D’autre part, les choix des lieux et de moments de l’observation participante ont été en partie inspirés par un modèle qui porte sur neufs dimensions de toute situation sociale identifiées par Spradley (1980) de l’école de l’interactionnisme symbolique soit : l’espace qui réfère à l’espace physique dans laquelle la culture à l’étude interagit socialement; les acteurs que sont notamment les personnes qui font partie de la culture sous investigation; les activités que sont les actions par les membres de la culture à l’étude; tous les objets inanimés notamment les artéfacts, qui peuvent

informer sur la culture; une action singulière menée par un groupe; un événement qui est l’ensemble d’activités reliées (par ex. : une manifestation); le temps et son effet sur les autres dimensions sociales; les buts que les groupes cherchent à atteindre par les situations sociales, les actions ou les événements; et finalement, les sentiments associés à chaque situation, incluant les émotions exprimées et observées (Spradley, 1980).
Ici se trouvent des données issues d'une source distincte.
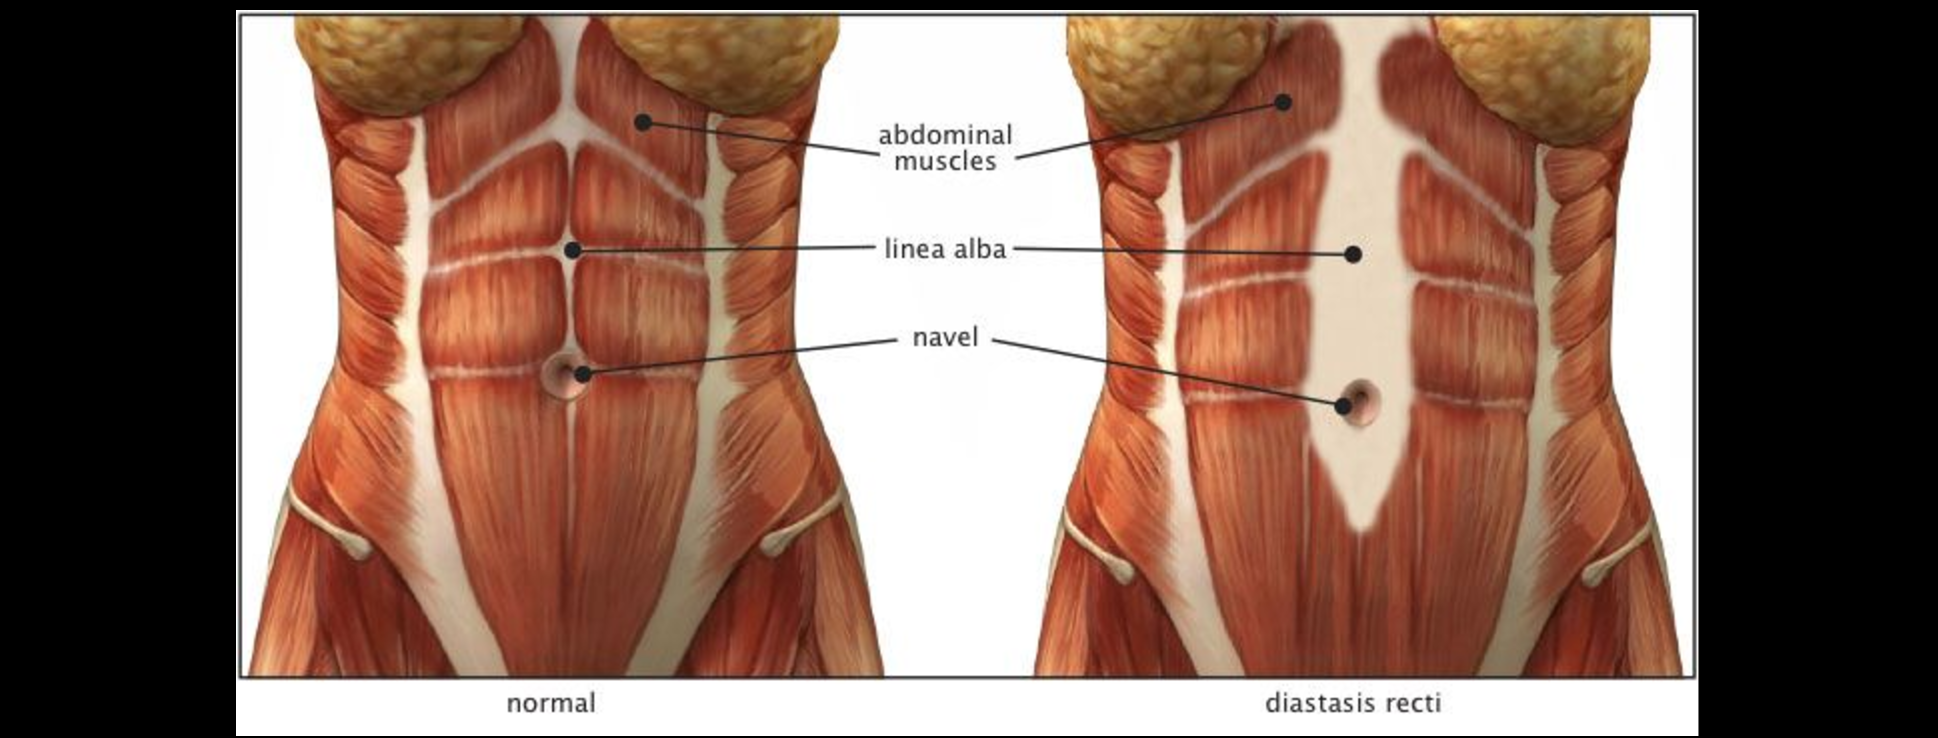 Мышцы живота у женщин анатомия фото
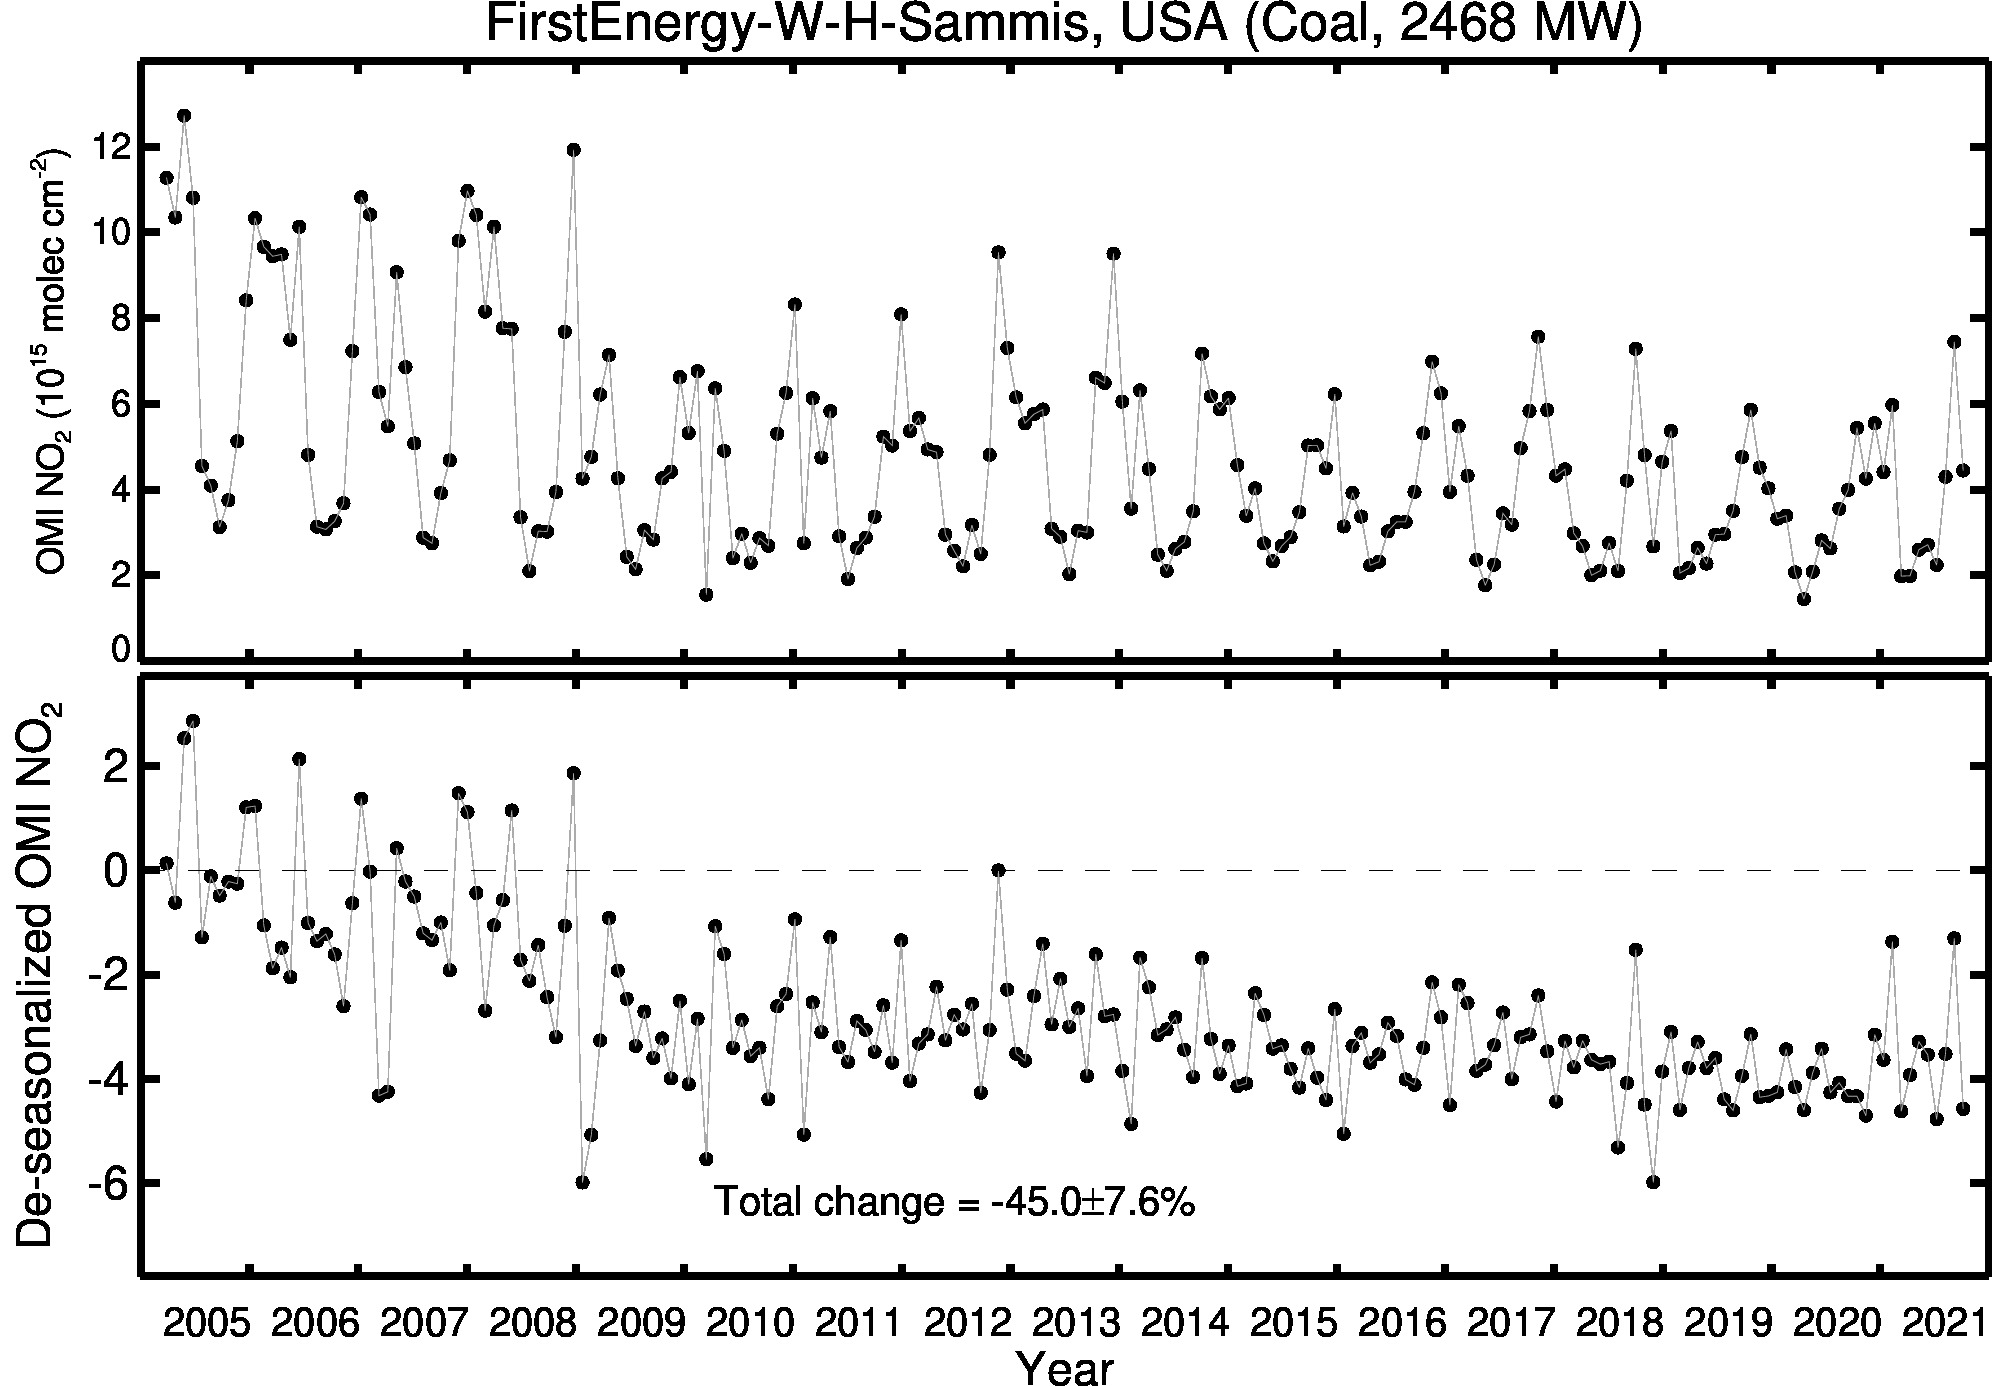 FirstEnergy W H Sammis Line Plot 2005-2021

Il ne s’agissait pas de documenter ces moments, mais de tenter de varier les lieux et moments afin de pouvoir faire l’expérience d’une diversité d’interactions sociales. Les organismes communautaires qui offrent des services de réduction des méfaits et qui offrent diverses activités aux PUDI étaient des lieux tout indiqués pour réaliser l’observation participante.

Surtout, les périodes d’observation ont permis de réaliser plusieurs entrevues informelles pour approfondir sur les questions de recherche souvent avec des personnes qui avaient déjà participé à une entrevue formelle, mais aussi souvent avec d’autres personnes. Spontanément, les personnes rencontrées dans les organismes communautaires venaient parler à l’auteure, s’intéressaient à son projet de recherche et discutaient de façon informelle, entre autres, de la santé et du prendre soin de soi. Les périodes d’observation ont été suivies ou entrecoupées de prises de notes par la chercheuse principale dans le journal de bord. Les notes d’observation ont été guidées par un certain cadre établi au préalable. Ces notes ont été essentiellement de trois ordres, soit descriptives de l’environnement et des interactions, soit portées sur la méthode, soit être davantage théoriques en comportant des réflexions et un début d’analyse préliminaire (Arborio et Fournier, 2008; Peretz, 2004). En effet, comme prévu, les données issues de l’observation participante ont permis des comparaisons et identifications de patterns sociaux en plus d’aider au raffinement des questions de recherche (Peretz, 2004) ainsi qu’aux analyses des données (Harris et al. 2012; Rhodes et al. 2007). Les notes de terrain ont été des débuts d’analyse, des réflexions qui ont servi au raffinement de l’analyse des données (Rhodes et al., 2007).